#### Work item:
Return the listing that follows exactly, with no pictures included.
━━ Input data
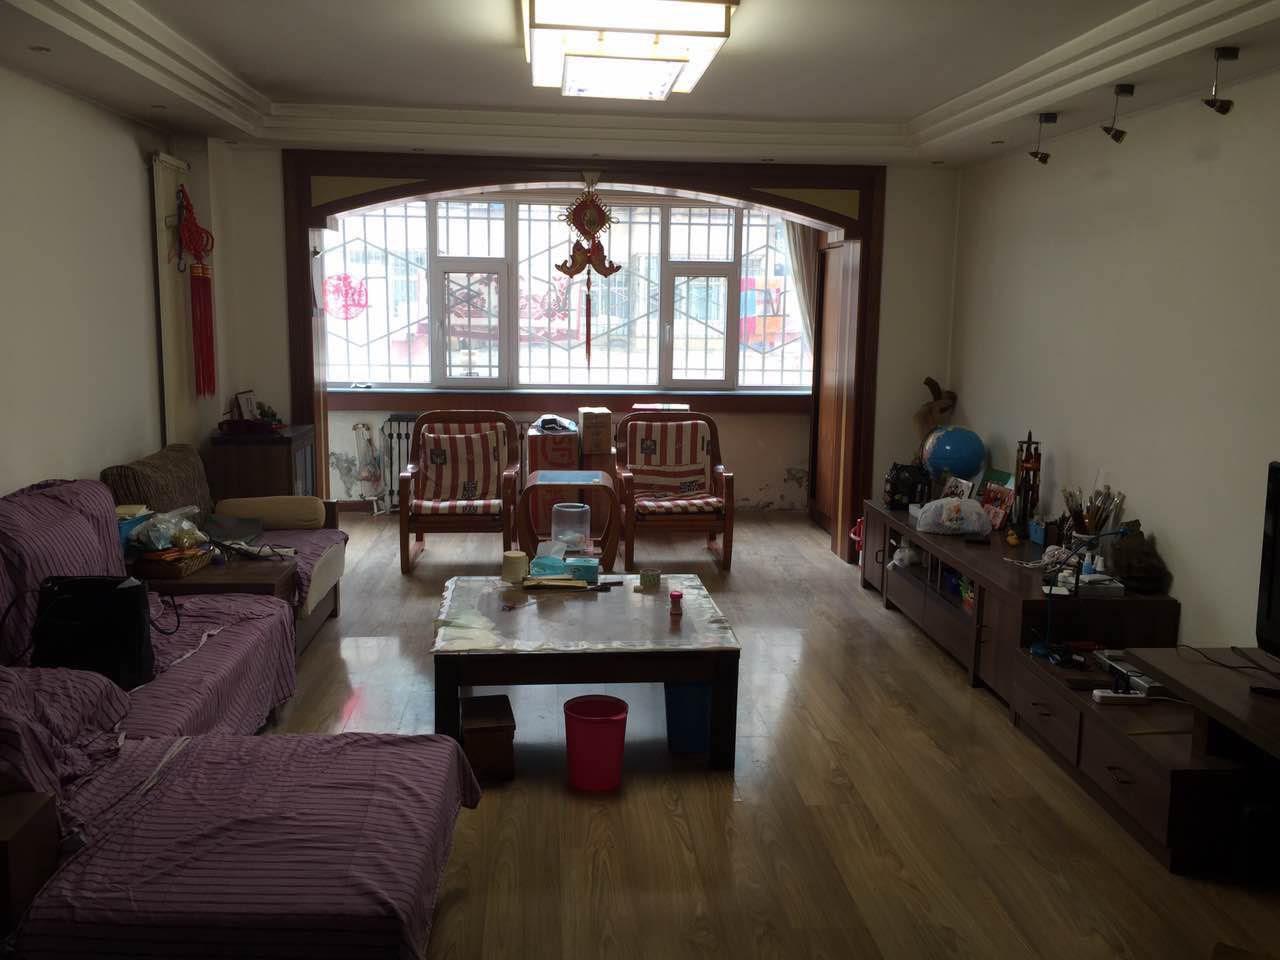 西宁市城北小桥俱乐部家属院134.22平米自住房出售
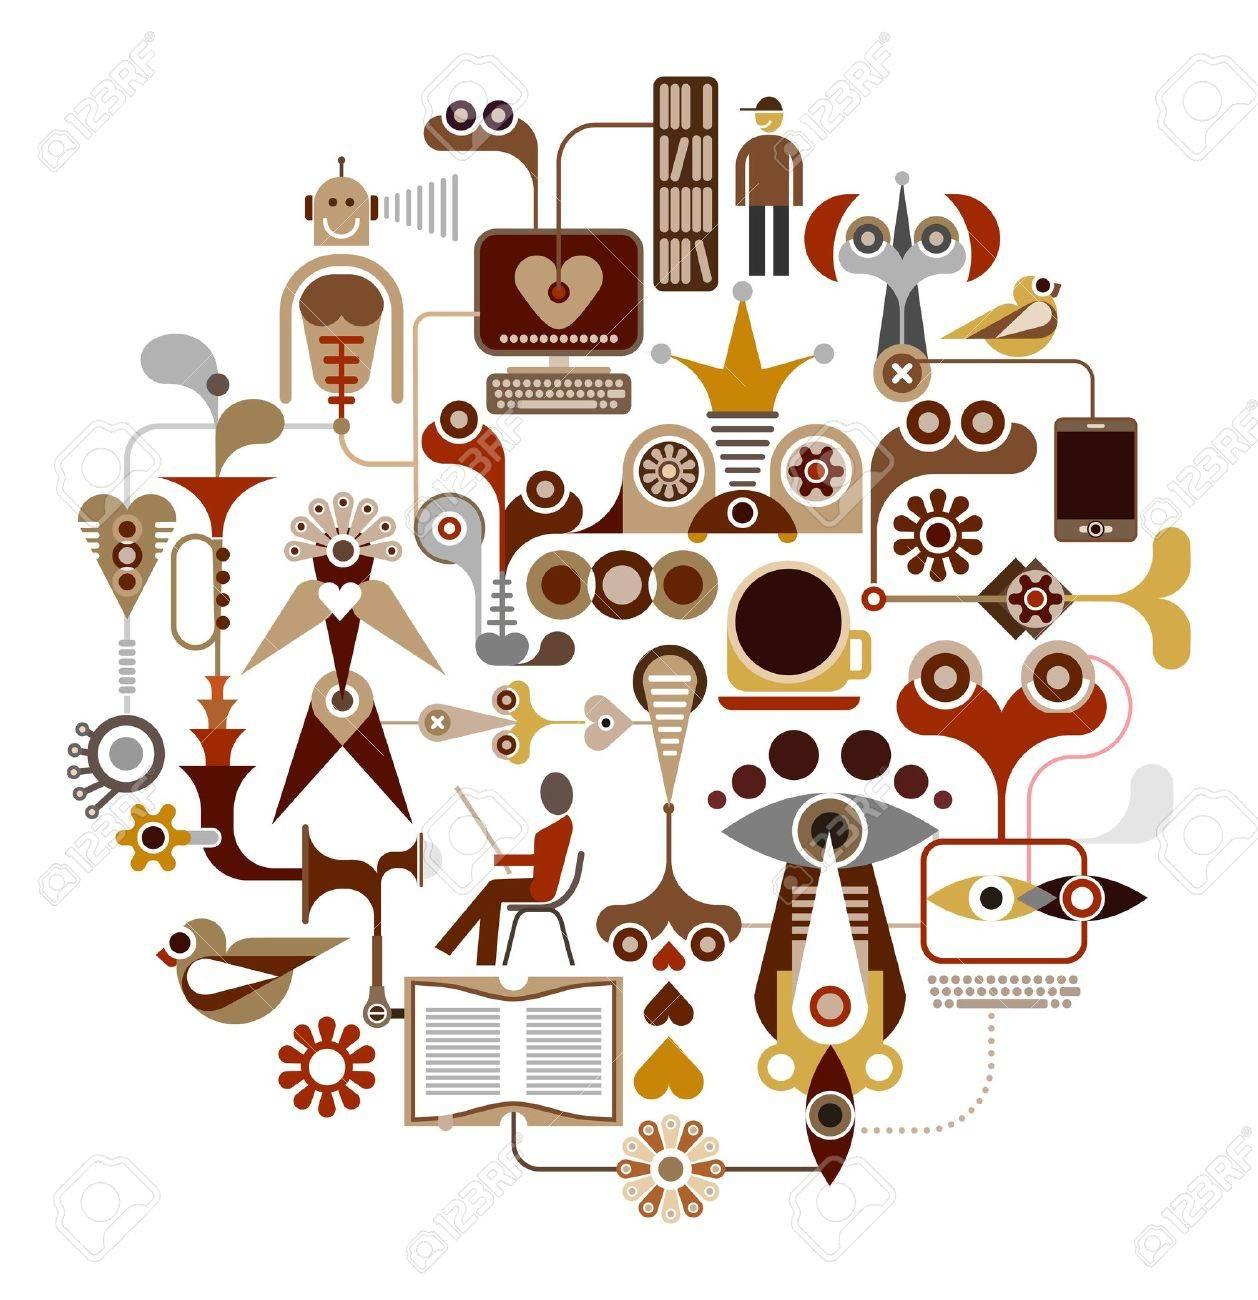 Social Media Network Stock Vector - 13517334
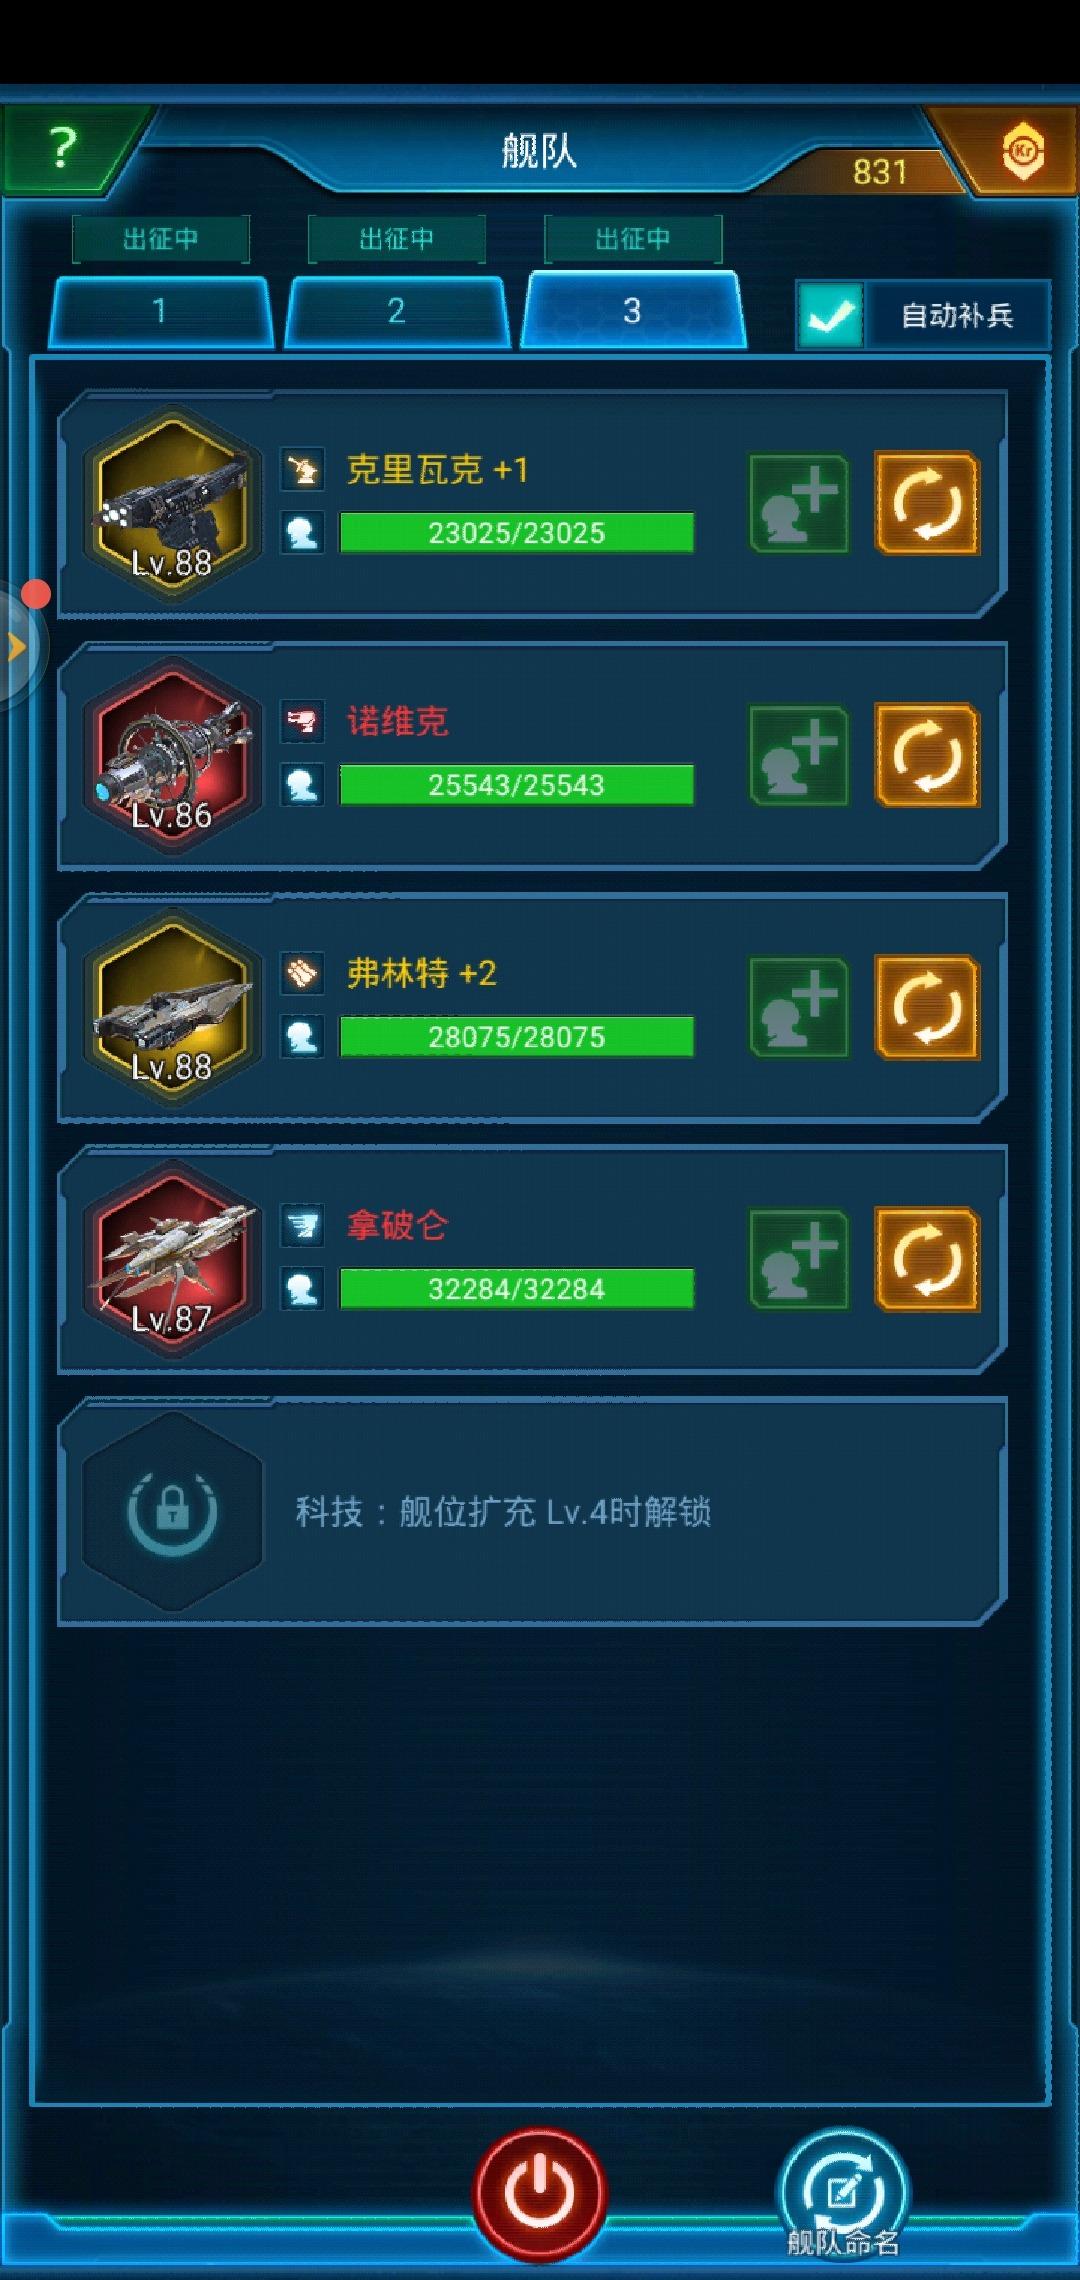 Screenshot_20191009_211700.jpg
━━━━
#### Result:
 西宁市城北小桥俱乐部家属院134.22平米自住房出售
 Social Media Network Stock Vector - 13517334
 Screenshot_20191009_211700.jpg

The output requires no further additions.